Creating a two-way conversation is a good way to capture and hold the attention of a potential candidate.
O'Camb said that anytime somebody sends a message, Erie Insurance always responds to that person and answers their questions. This gives potential candidates the chance to be heard and hear from the organization directly.
7. Understand COVID-19 implications
Despite all these strategies you can implement to recruit Gen Z candidates, the pandemic has made a big impact on Gen Z entering the workforce.
Gen Z is 44% more likely to report tiredness and lack of energy during the pandemic due to depression and stress, according to a SHRM study on the impact of COVID-19 on mental health.
"Gen Z's report that their average stress level related to the current state of the nation is higher than older generations," Schawbel said. "They're going to expect the company to be part of a solution and help alleviate the stress that they have."
Employee assistance programs and a flexible work-life balance are a few things your organization can offer to help support mental health issues, he said.

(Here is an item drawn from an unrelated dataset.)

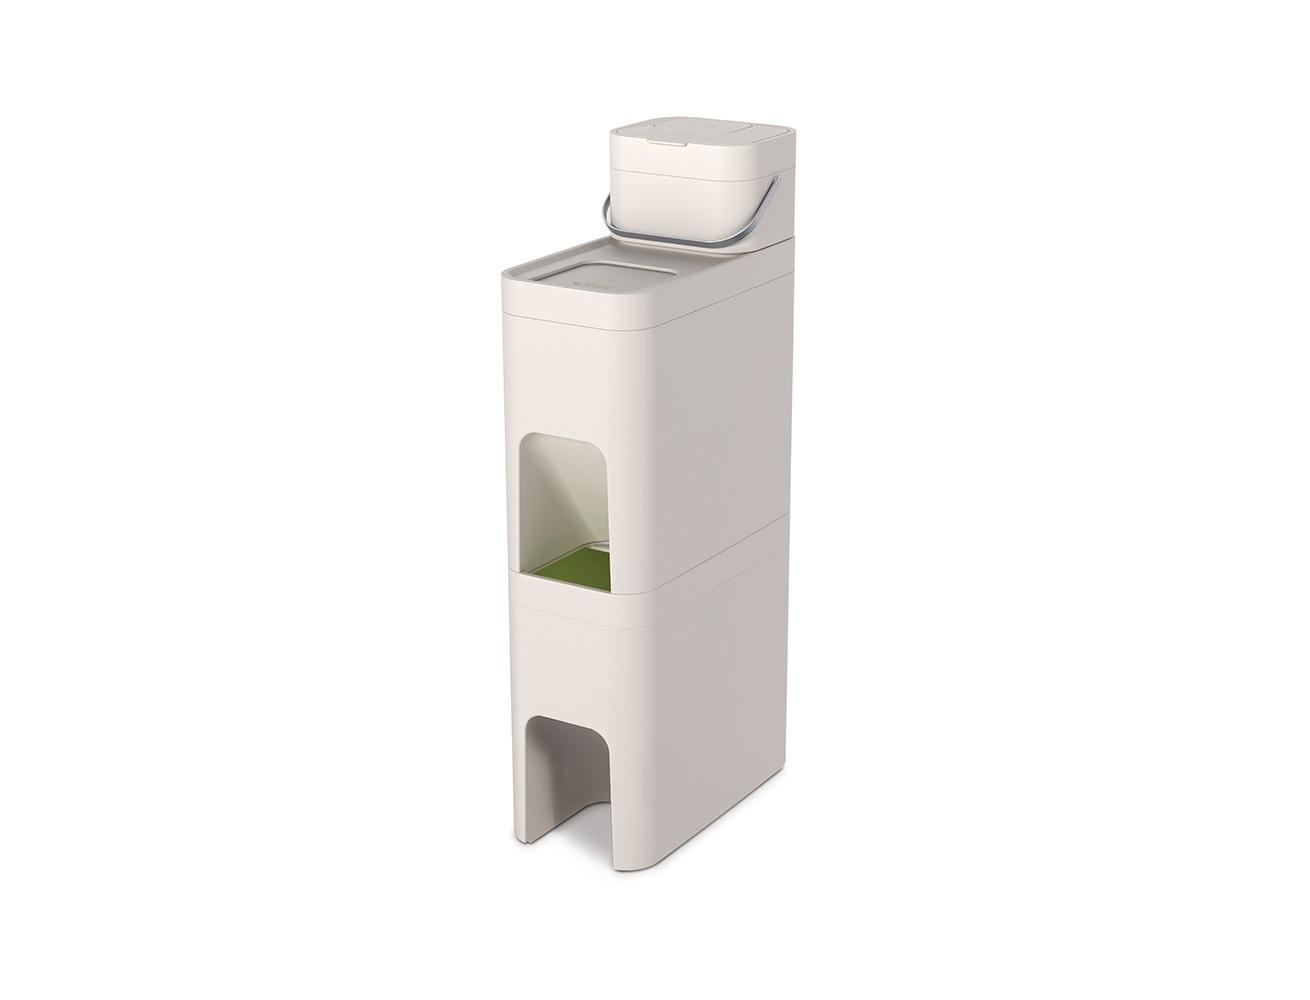 Система контейнеров для мусора stackЯщики<br>Трехуровневая модульная система для раздельного сбора мусора. Состоит из двух раздельных контейнеров объёмом 24 литра каждый и 4-х литрового контейнера для пищевых отходов. Контейнеры компактно устанавливаются один на другой.<br>Расположенные внутри ведра легко вынимаются: удобно мыть и выносить. Скользящие крышки (к каждой из которых обеспечен удобный доступ) плотно закрывают мусор от взглядов, не выпуская неприятные запахи. Дополнительно можно приобрести специально разработанные биоразлагаемые пакеты, которые аккуратно крепятся к краям контейнеров за специальные отверстия.<br>Контейнер для пищевых отходов оснащён съёмными фильтрами для блокировки неприятных запахов и удобной ручкой для переноски.&amp;lt;div&amp;gt;&amp;amp;nbsp;<br>&amp;lt;iframe width=&amp;quot;530&amp;quot; height=&amp;quot;315&amp;quot; src=&amp;quot;https://www.youtube.com/embed/5iHbDi-qBUg&amp;quot; frameborder=&amp;quot;0&amp;quot; allowfullscreen=&amp;quot;&amp;quot;&amp;gt;&amp;lt;/iframe&amp;gt;&amp;lt;/div&amp;gt;<br><br>Material: Пластик<br>Ширина см: 23<br>Высота см: 80<br>Глубина см: 44

8. Promote work-life balance
Flexibility and balance isn't just a factor during COVID-19, either.
When asked about their most defining characteristics in the workplace, Gen Z considered themselves to be hardworking and financially focused, and they expect flexibility when it comes to their work environment, according to a 2019 survey from Kronos about Gen Z workers.
Remote work was already on the rise, and it is part of that flexibility, especially as a result of COVID-19.
"There's an expectation now for Gen Z's to work remote, because they see their parents working remote," Schawbel said.
Even the Domino's RPM Pizza stores now offer virtual options to candidates as part of the hiring process.
Although employees have to be in the store to make pizzas and deliver them to customers, we can do virtual interviews now, Mueller said.
When recruiting Gen Z candidates, it's important to keep all these factors in mind, as well as other serious issues.
"In the 2008 recession there was a delayed adulthood for millennials," Schawbel said. "This is now a hugely delayed adulthood for Gen Z's."
Delayed education and fewer job openings means some members of Gen Z may no longer be able to enter into the workforce right out of college.
"I think that's unique to this period of time that will change the future of work," Schawbel said.